Epidemic Clostridioides difficile Ribotype 027 Lineages: Comparisons of Texas Versus Worldwide Strains

Affiliations

Epidemic Clostridioides difficile Ribotype 027 Lineages: Comparisons of Texas Versus Worldwide Strains

Bradley T Endres et al. Open Forum Infect Dis. .

Abstract

Background: The epidemic Clostridioides difficile ribotype 027 strain resulted from the dissemination of 2 separate fluoroquinolone-resistant lineages: FQR1 and FQR2. Both lineages were reported to originate in North America; however, confirmatory large-scale investigations of C difficile ribotype 027 epidemiology using whole genome sequencing has not been undertaken in the United States.

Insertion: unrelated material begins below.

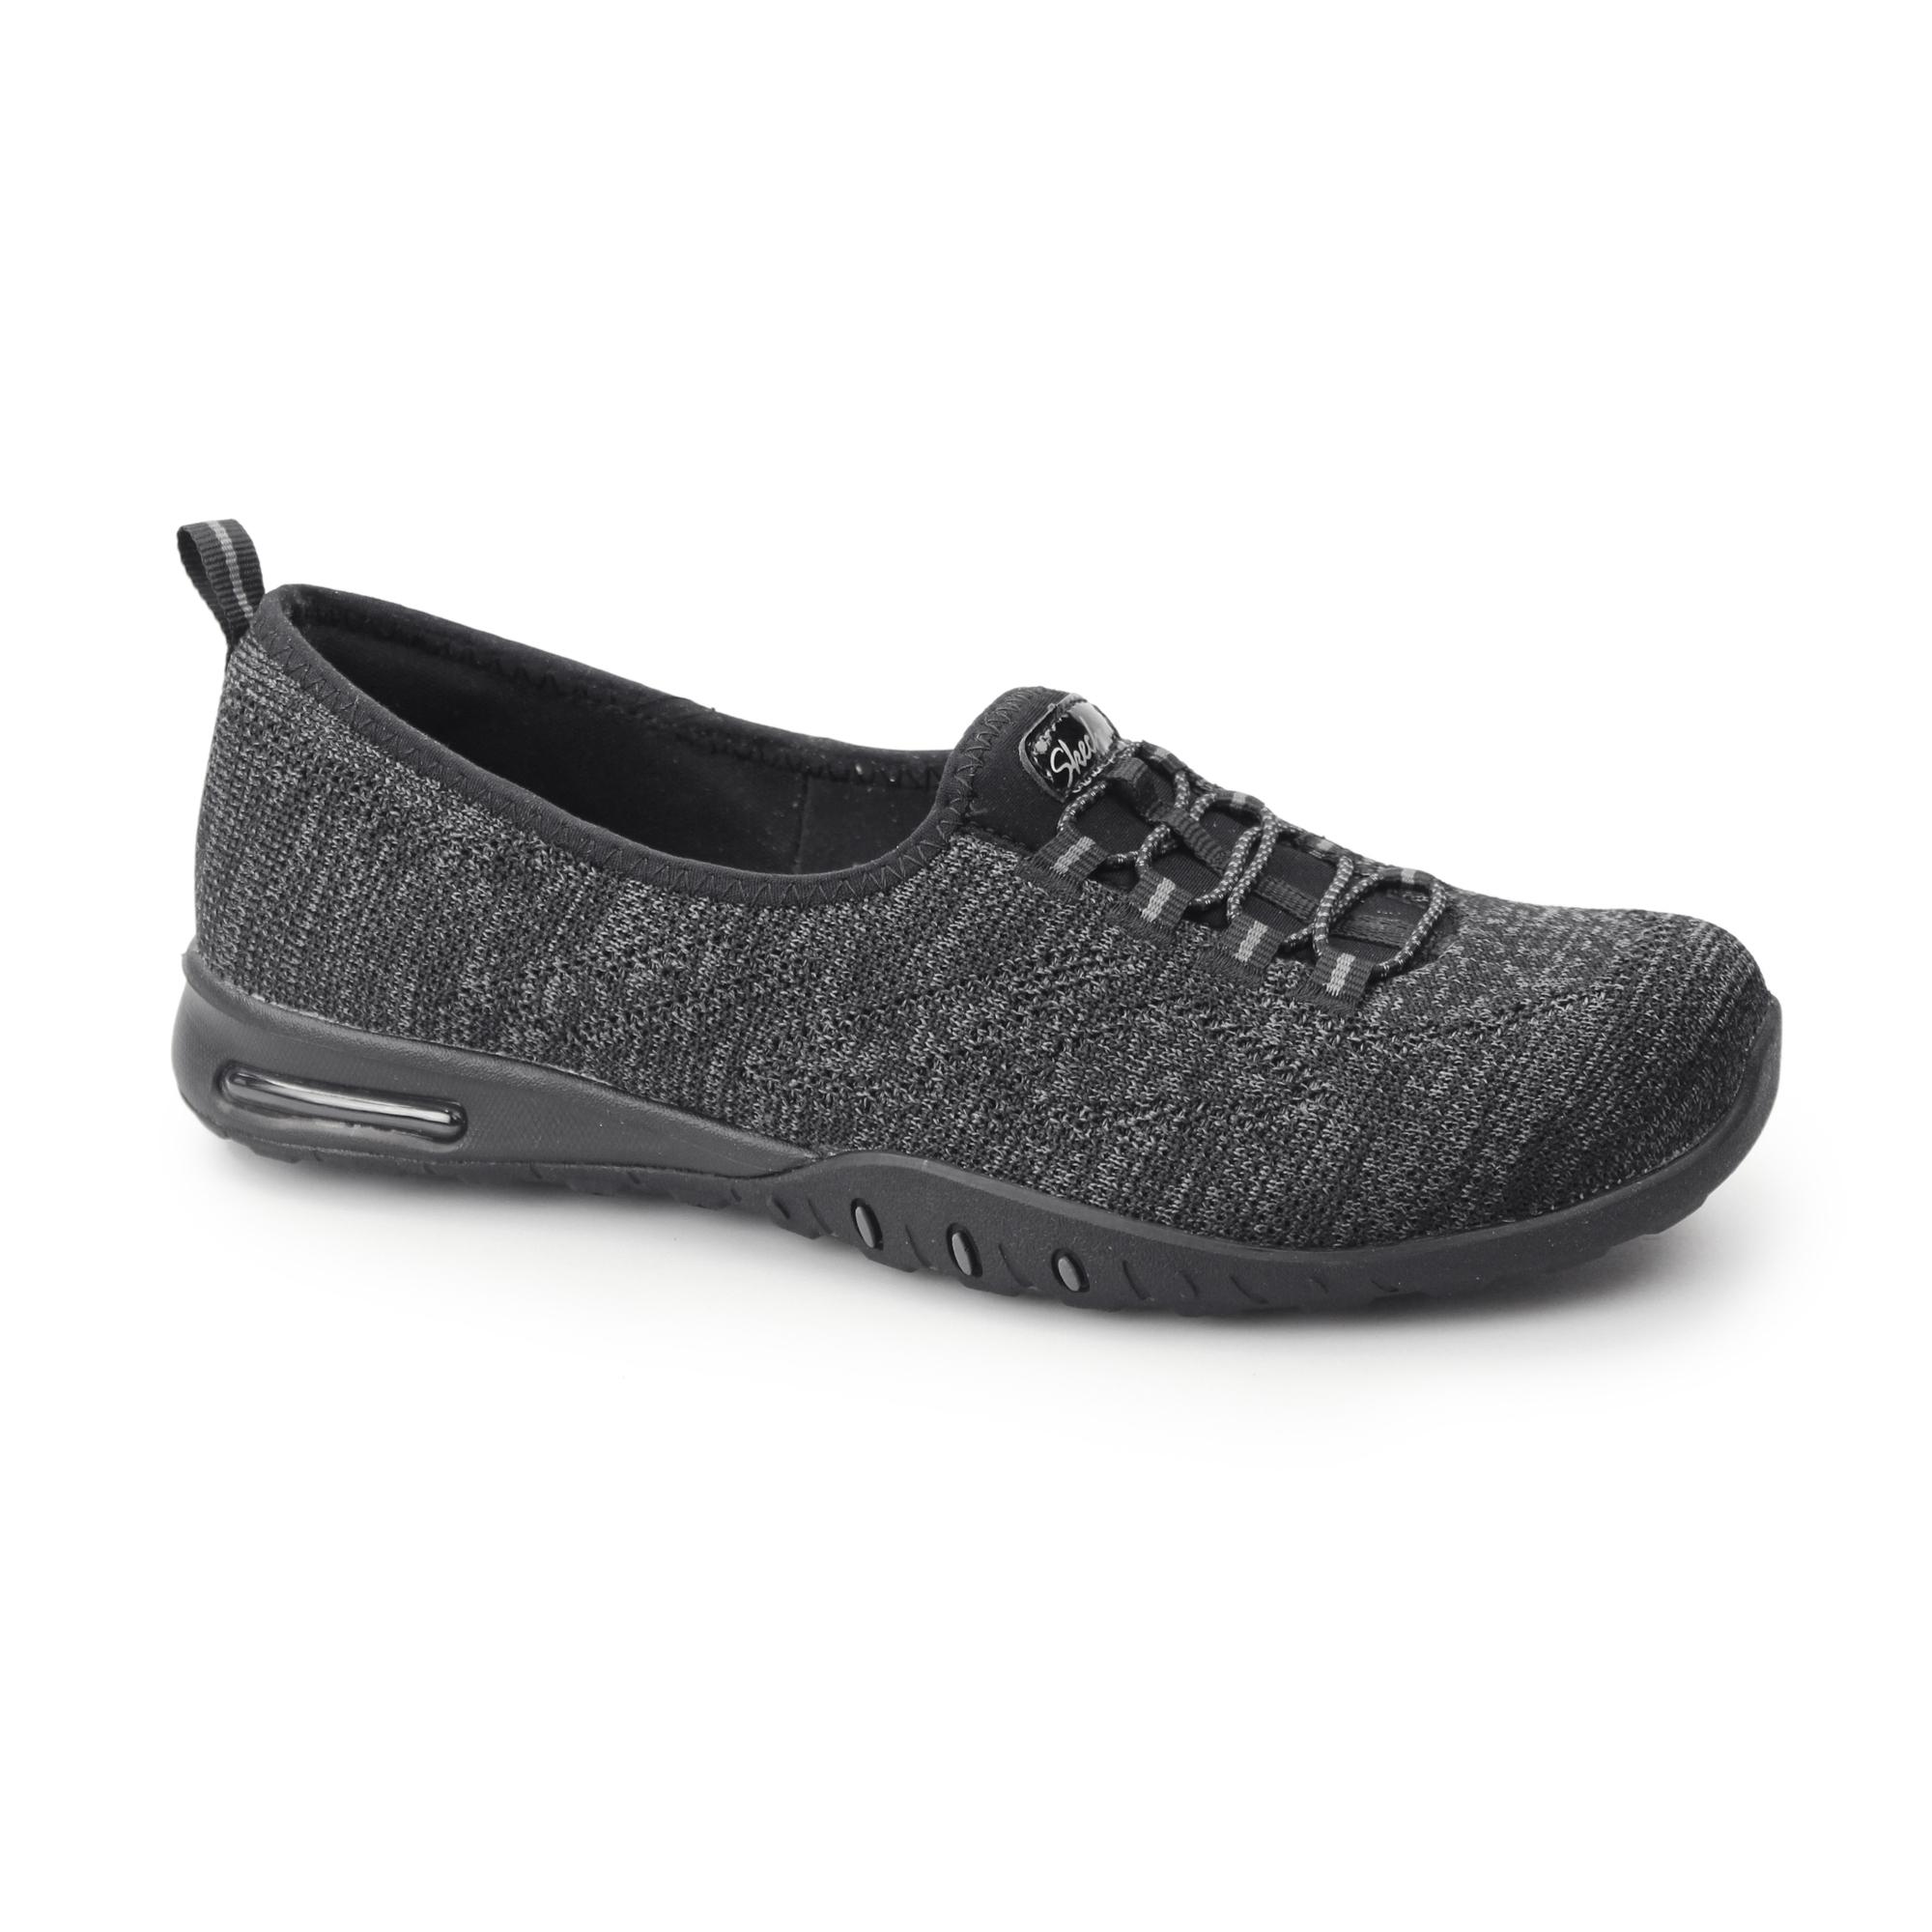 skechers slip on ladies shoes
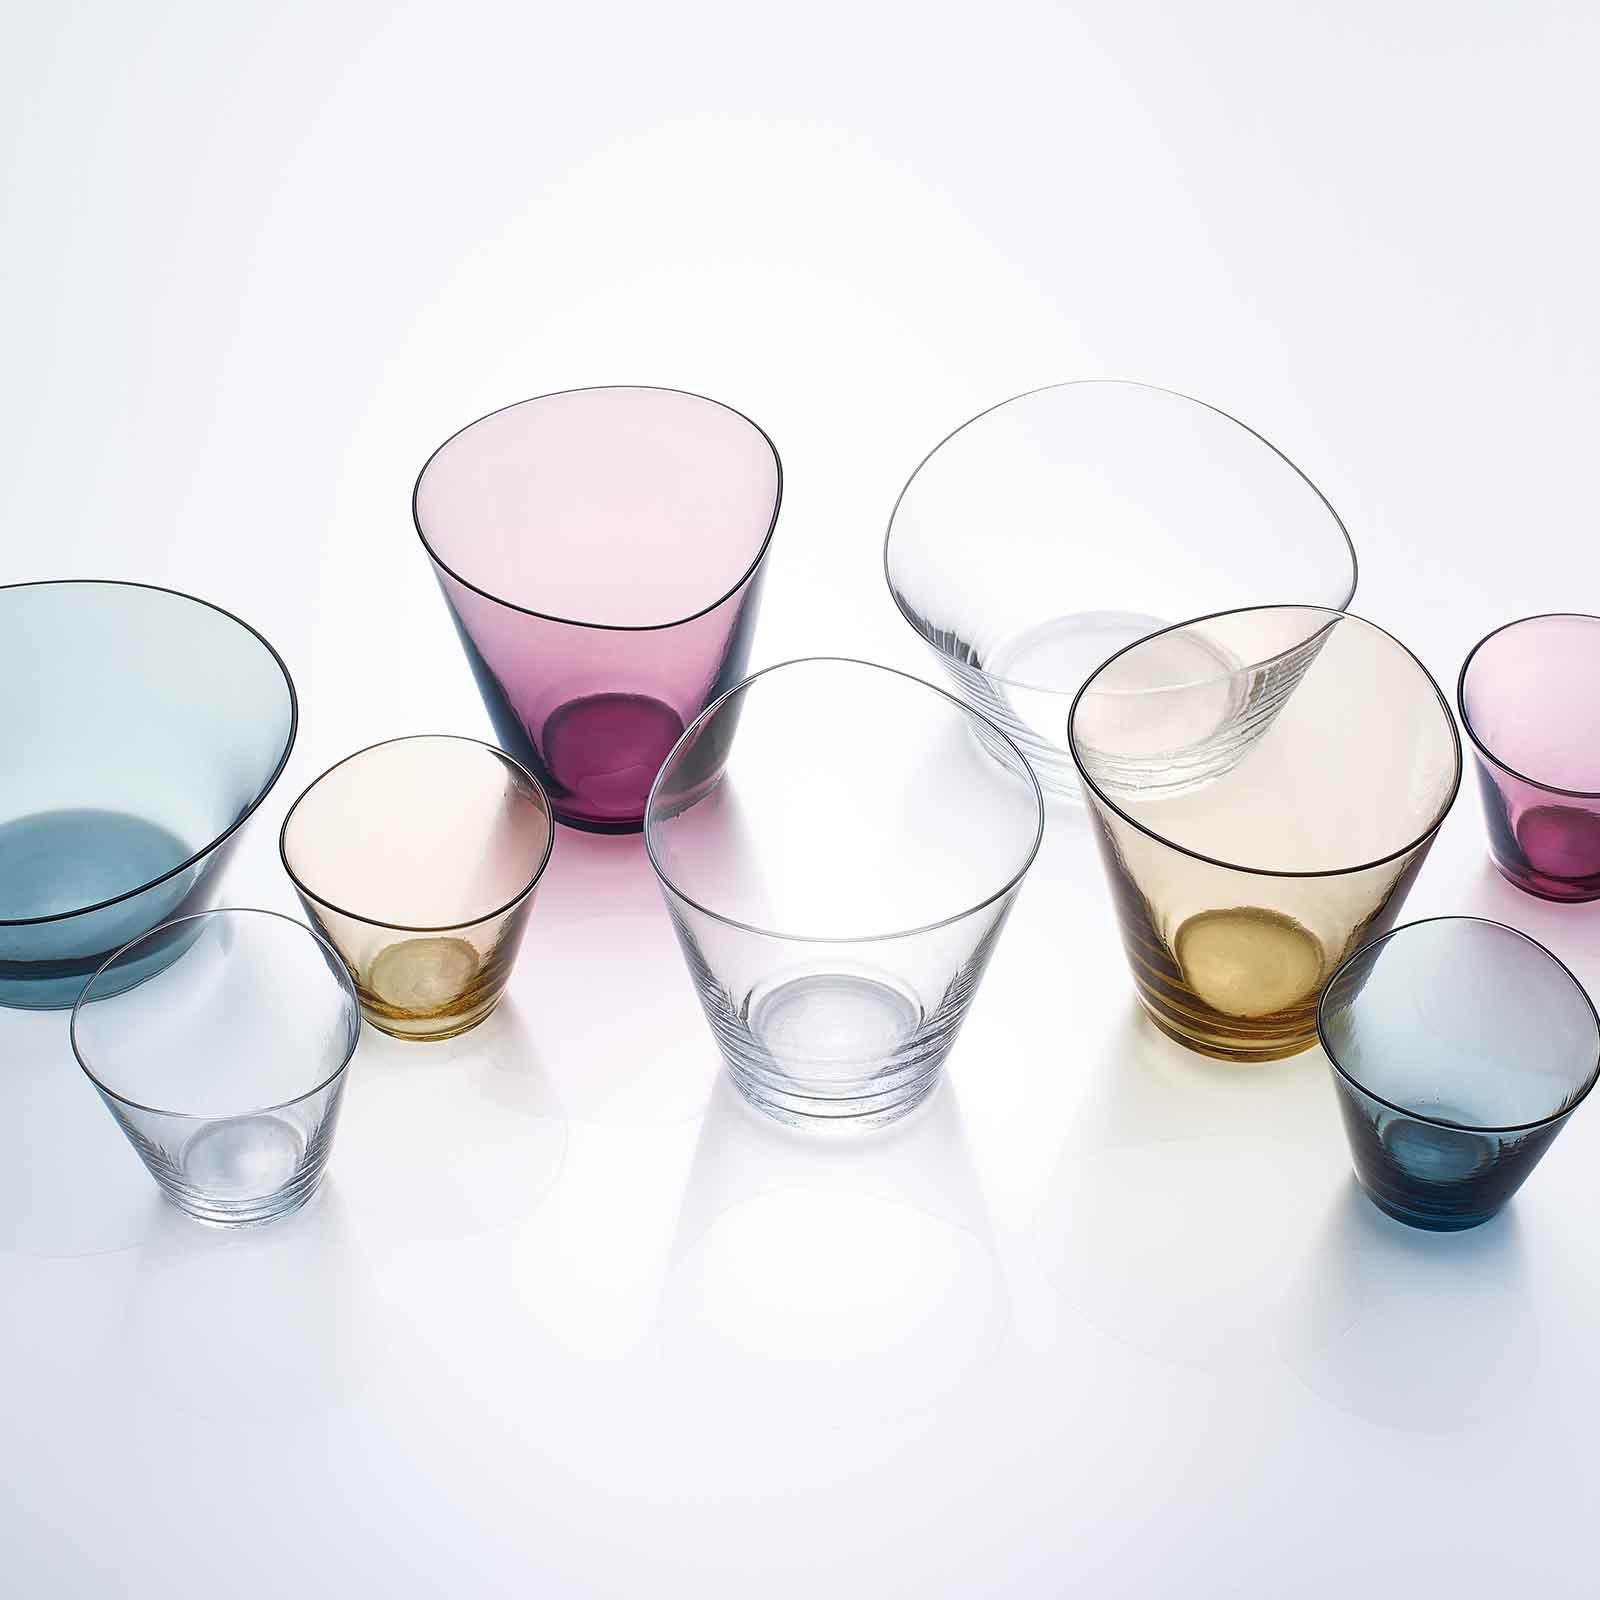 差異:グラス

Methods: Whole genome sequencing and single-nucleotide polymorphism (SNP) analysis was performed on 76 clinical ribotype 027 isolates obtained from hospitalized patients in Texas with C difficile infection and compared with 32 previously sequenced worldwide strains. Maximum-likelihood phylogeny based on a set of core genome SNPs was used to construct phylogenetic trees investigating strain macro- and microevolution. Bayesian phylogenetic and phylogeographic analyses were used to incorporate temporal and geographic variables with the SNP strain analysis.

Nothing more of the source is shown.